Fadel Gheit, managing director of oil and gas research for Oppenehimer & Co., says the nation's sky-high crude prices have been fueled solely by market speculators.

But with banks now pinched by the credit squeeze, nearly all of that speculation has fallen by the wayside.

"Oil prices are headed lower and I wouldn't rule out it going below $50 a barrel ... but I wouldn't bet on it either," Gheit said.

"I've never seen anything like it. Increases over the past two or three years have been driven by speculation. And the people who manipulated oil prices are the same ones who created the toxic financial assets that created our global financial crisis."

Oil prices clawed back above $80 per barrel Monday, rebounding from a 13-month low as a stepped up global effort to rescue world financial markets lured investors back into equity and commodities markets.

On Monday, light, sweet crude for November delivery rose $3.49 to $81.19 per barrel on the New York Mercantile Exchange, after earlier rising as high as $82.52.

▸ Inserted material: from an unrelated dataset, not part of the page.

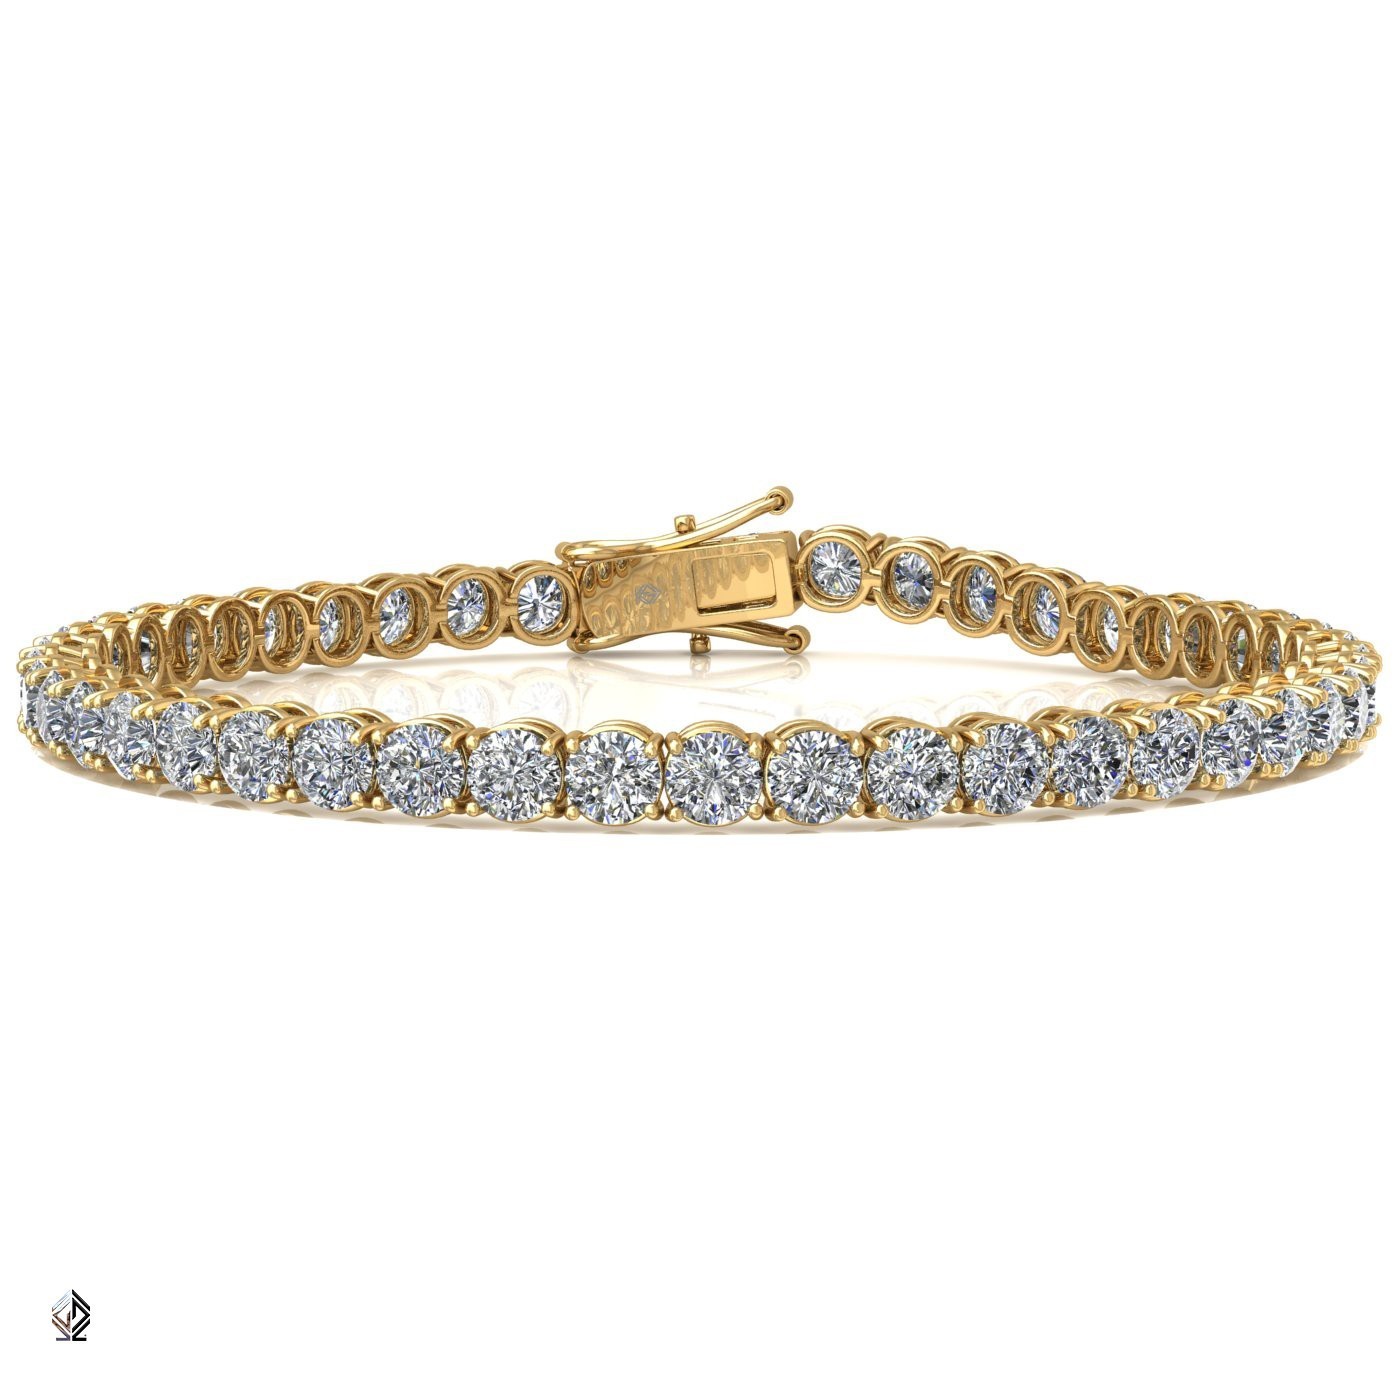 18k yellow gold 3.3mm 4 prong round shape diamond tennis bracelet in round setting

Prices were also supported by a weaker dollar and expectations that OPEC countries may tighten production in a bid to slow crude's precipitous decline.

Prices have fallen about 45 percent since shooting to a record $147.27 July 11.

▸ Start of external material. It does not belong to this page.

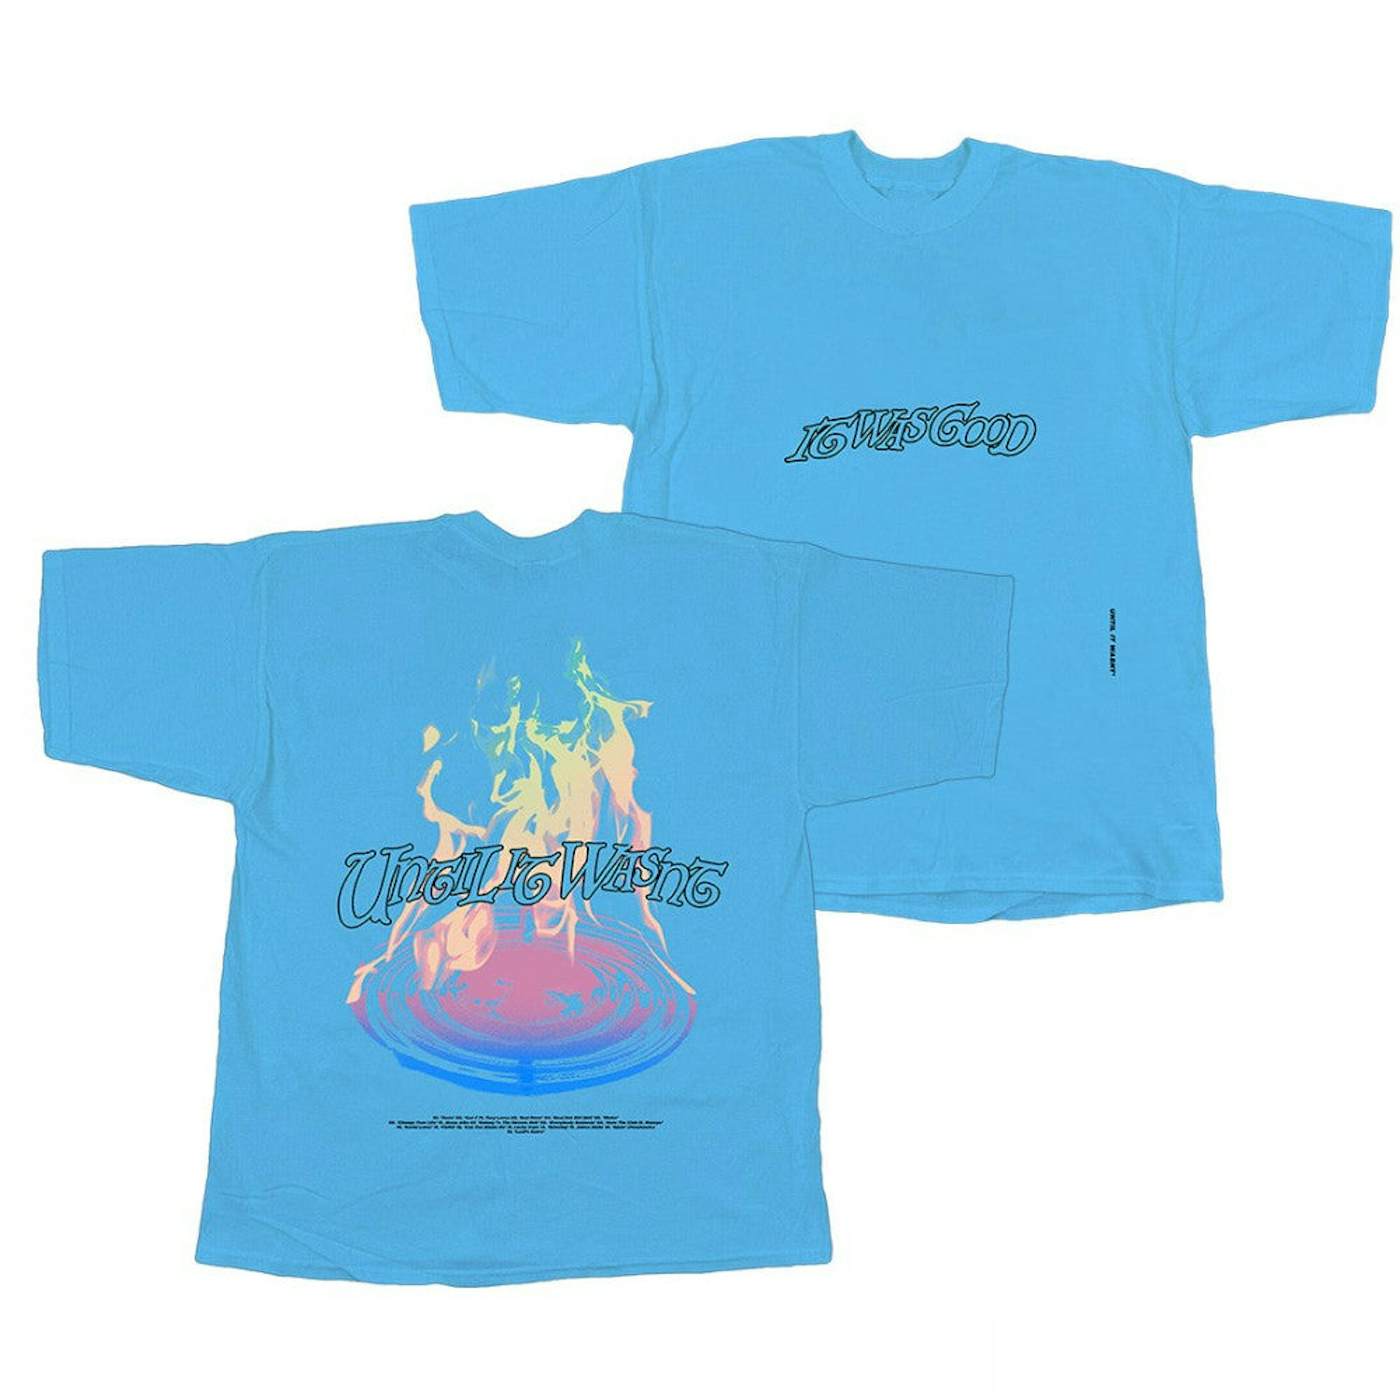 Kehlani IWGUIW (Sapphire Blue) T-Shirt

Last week, crude tumbled more than $16 to levels not seen since September 2007, with more than half the losses coming on Friday alone.

"At this point, you've got the Morgan Stanleys and Goldman Sachs of the world all running to the sidelines," petroleum industry analyst Bob van der Valk said. "The speculators have gotten out of the market. There have been restrictions placed on credit and that affects everything. You end up with no money to invest."

The removal of that element from the equation has put the crude oil market back on a more realistic track. he said.

"We're getting back to what we're using and what we're making ... and right now we're making more than we're using," van der Valk said.

Part of the nation's excess inventory can be tied to the fact that U.S. refineries have converted from summer-grade to winter-grade gasoline.

Refineries are able to generate more gasoline per barrel of oil when producing winter-grade fuels, van der Valk said.

"We make about 10 percent more gas in the winter," he said.

And that equates to lower prices at the pump. In fact, van der Valk figures we'll see $2.50-a-gallon gas by year's end.

"The only thing that could hike prices up again would be something like an armed conflict with Iran or Russia," he said. "But right now, everything on the horizon is looking good."

Gheit said world events would have hiked oil prices back up again if not for speculators pulling out of the market.

He cited Russia's invasion of Georgia and hurricane damage to refineries in the Gulf of Mexico as two factors that should have driven prices north again.

"But oil prices came down sharply because they were sharply inflated," he said.

Goldman Sachs cut its year-end crude price forecast from $115 a barrel to $70, citing the "extreme dislocation" in the credit markets.

The Associated Press contributed to this story.